研究チームは、高い接着力が得られた理由として、高い自己凝集力をもつ材料を開発できたことを挙げた。高い自己凝集力を引き出すため、集積しやすいV字型の分子構造を採用している。これによって、カラムナー液晶という自己凝集力の高い材料を開発することができた。しかも、分子設計の最適化により、カラムナー液晶状態を示す温度を高温領域に調整したことで、耐熱接着を実現した。
一方、液晶状態を示す温度範囲(70〜135℃)で紫外光を照射すると、V字型の分子が形を変えて平面型となる。

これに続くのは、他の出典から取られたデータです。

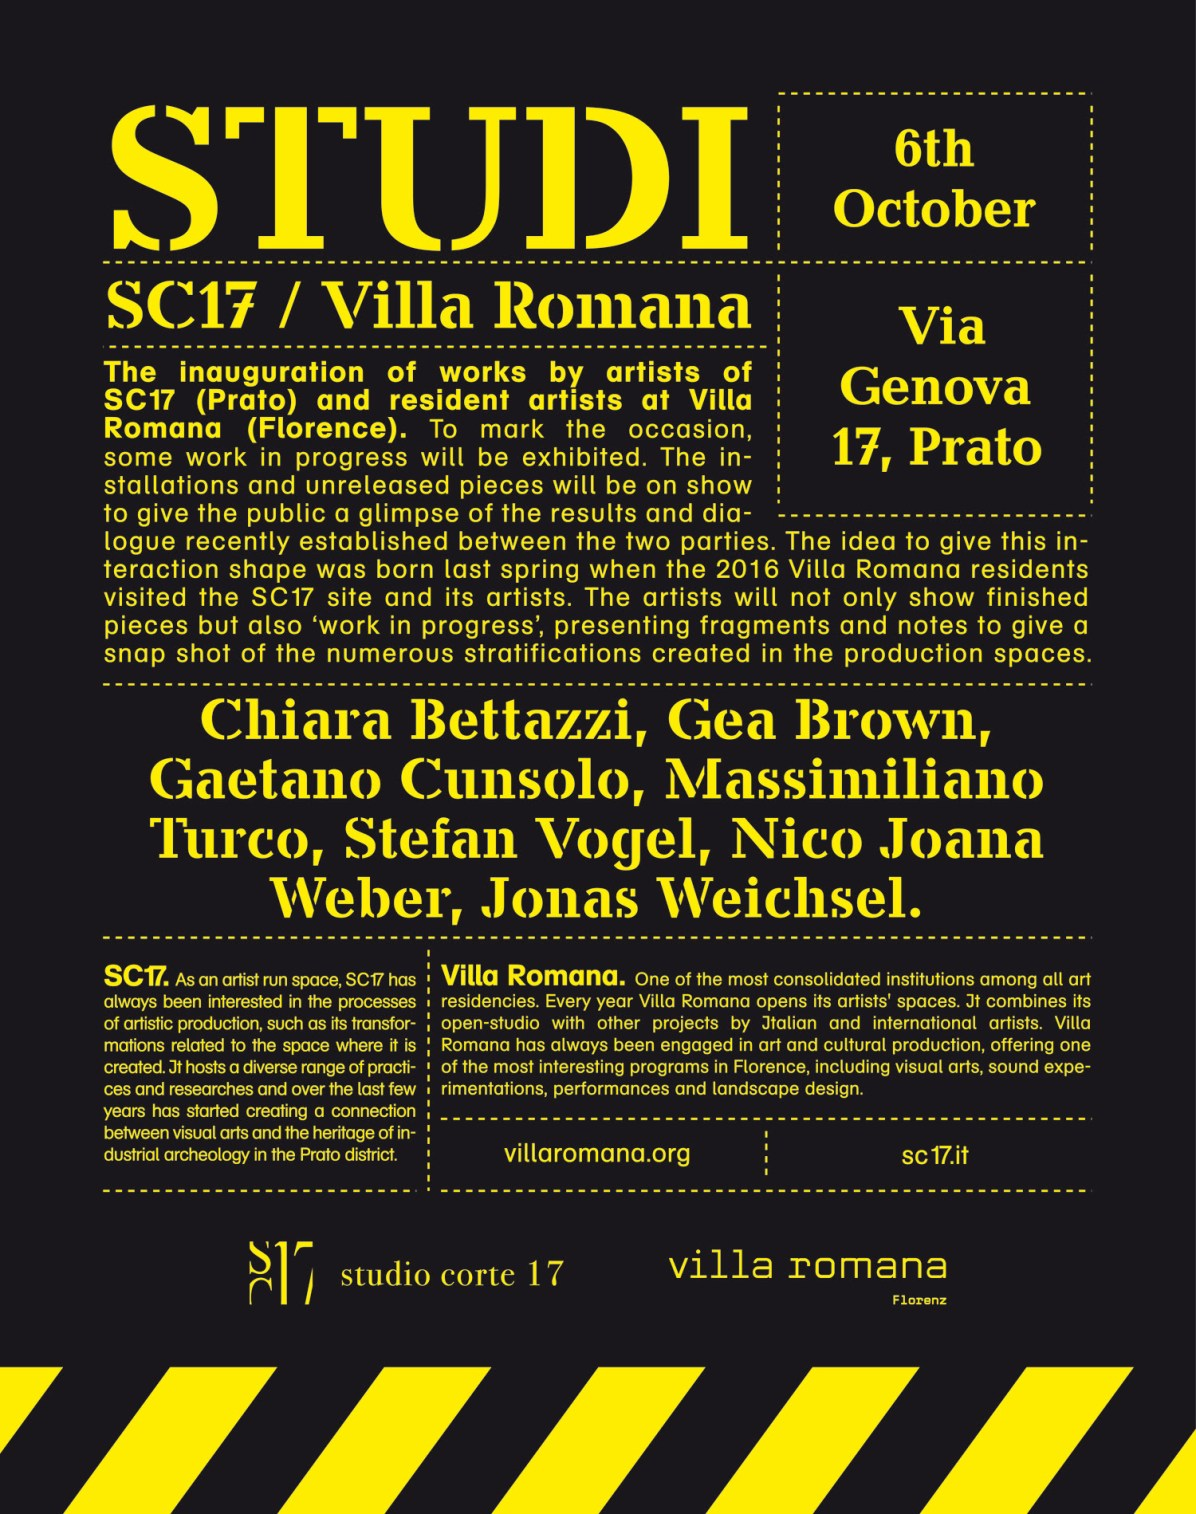 STUDI - SC17 / Villa Romana

隣の分子に近づいたものは結合し、2量体を形成する。こうして生成された一部の2量体は不純物として働き、V字型分子の集積構造を壊す。この結果、接着力の強いカラムナー液晶が崩れ、液体となった混合物は大幅に接着力が低下するという。
仮固定用の接着材料として用いる場合、少ない光量で速やかに剥離されることが望ましい。開発したライトメルト型接着材料を用いて行った評価試験では、ごく少量の使用でも紫外光により剥離することができ、光を照射した透明部材には剥離後に接着材料がわずかしか残らないことも分かった。
今回開発したライトメルト型接着材料技術は、「光液化材料を用いた仮固定接着」を大きく進展させる技術とみられている。スマートフォンなど透明な部材を高温で加工するような、さまざまな製造工程に利用される見通しだ。